Above I exercise the test using our home-made x::clock, and compare those results with using two of the system-supplied clocks: std::chrono::high_resolution_clock and std::chrono::system_clock. For me this prints out:

Using rdtsc:
1.72632 clock ticks per iteration
616ps per iteration

Using std::chrono::high_resolution_clock:
0.620105 clock ticks per iteration
620ps per iteration

Using std::chrono::system_clock:
0.00062457 clock ticks per iteration
624ps per iteration

This shows that each of these clocks has a different tick period, as the ticks per iteration is vastly different for each clock. However when converted to a known unit of time (e.g. picoseconds), I get approximately the same result for each clock (your mileage may vary).
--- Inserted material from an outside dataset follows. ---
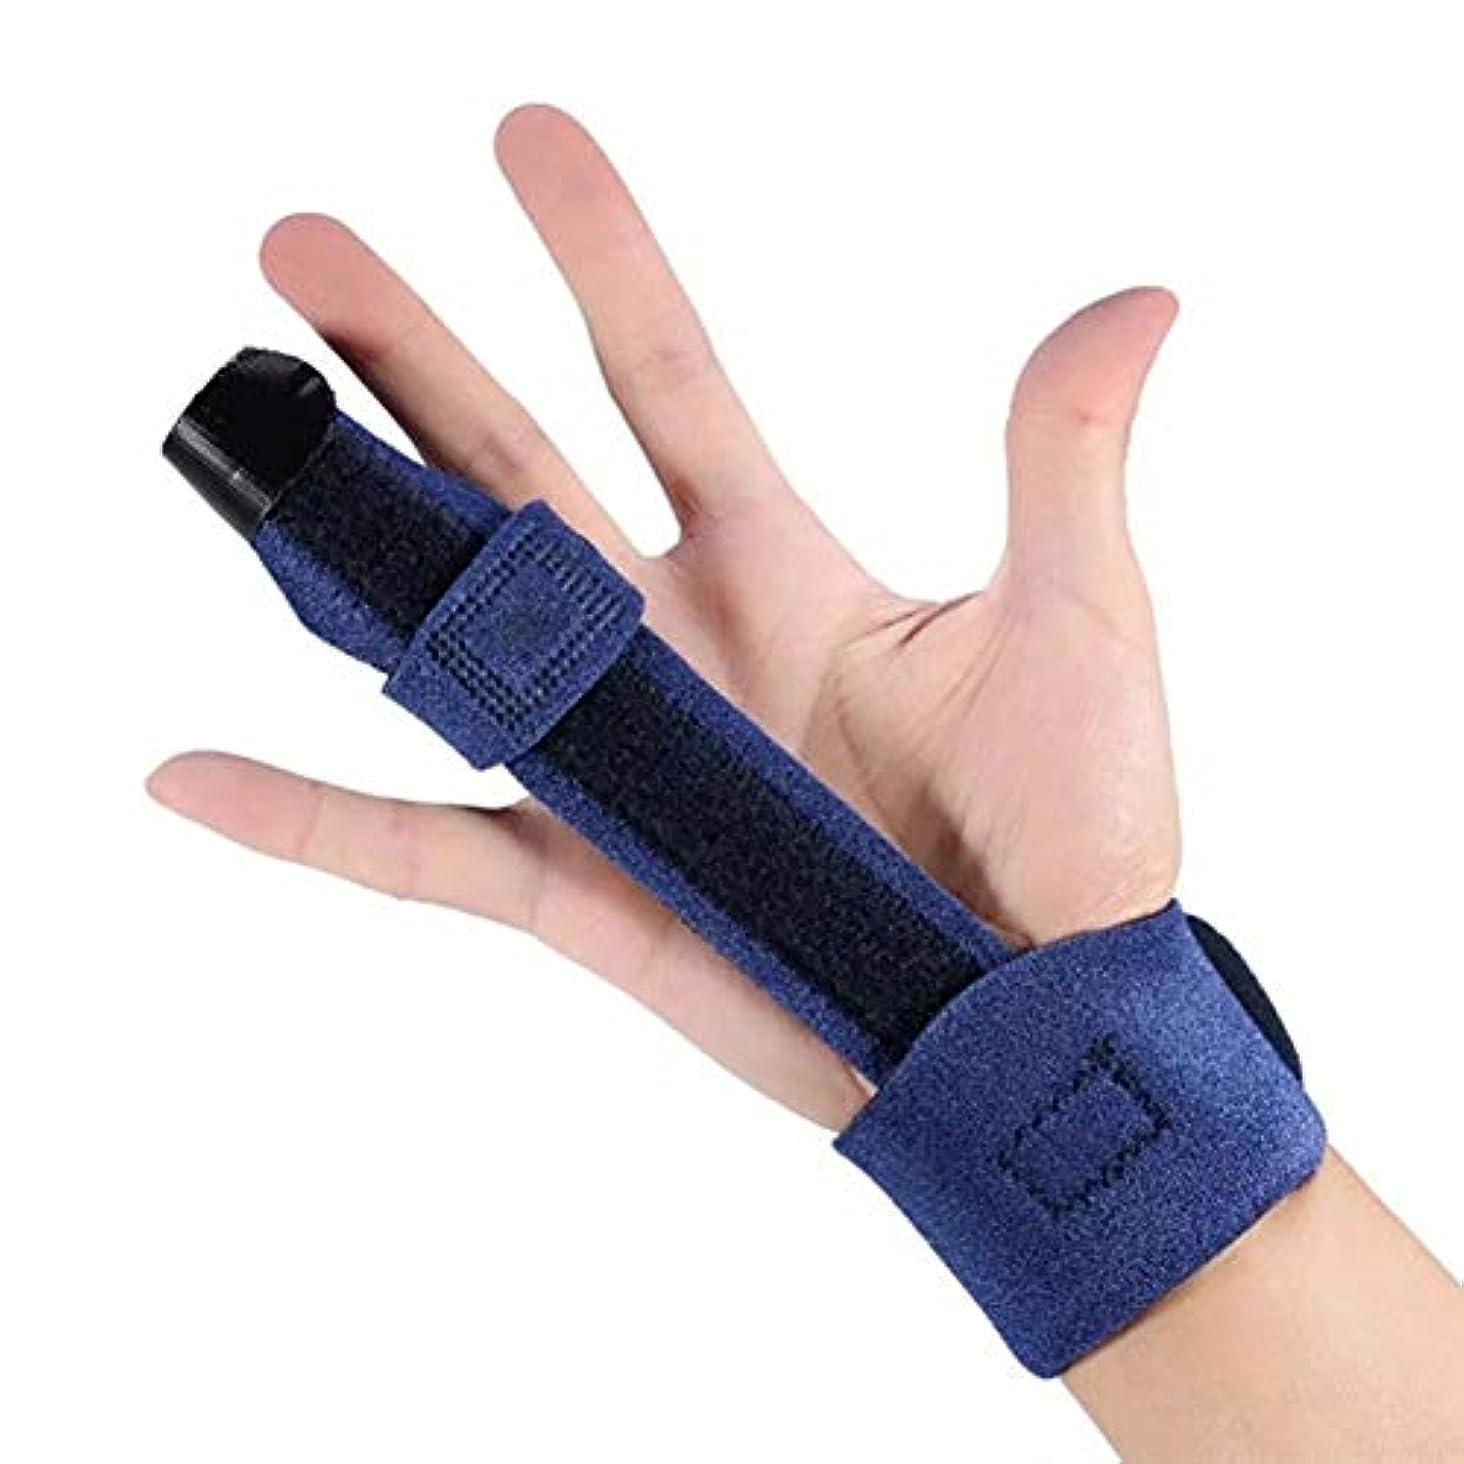 サスペンド質量トロピカルフィンガースプリントフィンガーボードフィンガーセパレーター,指ナックル固定化、指の骨折のための指スプリント、リバーシブル親指スタビライザー、救済レンチ、関節炎の痛み、

Note how my code is completely free of "magic conversion constants". Indeed, there are only two magic numbers in the entire example:

1. The clock speed of my machine in order to define x::clock.
2. The number of iterations to test over. If changing this number makes your results vary greatly, then you should probably make the number of iterations higher, or empty your computer of competing processes while testing.

Answer 3

With that level of accuracy, it would be better to reason in CPU tick rather than in system call like clock(). And do not forget that if it takes more than one nanosecond to execute an instruction... having a nanosecond accuracy is pretty much impossible.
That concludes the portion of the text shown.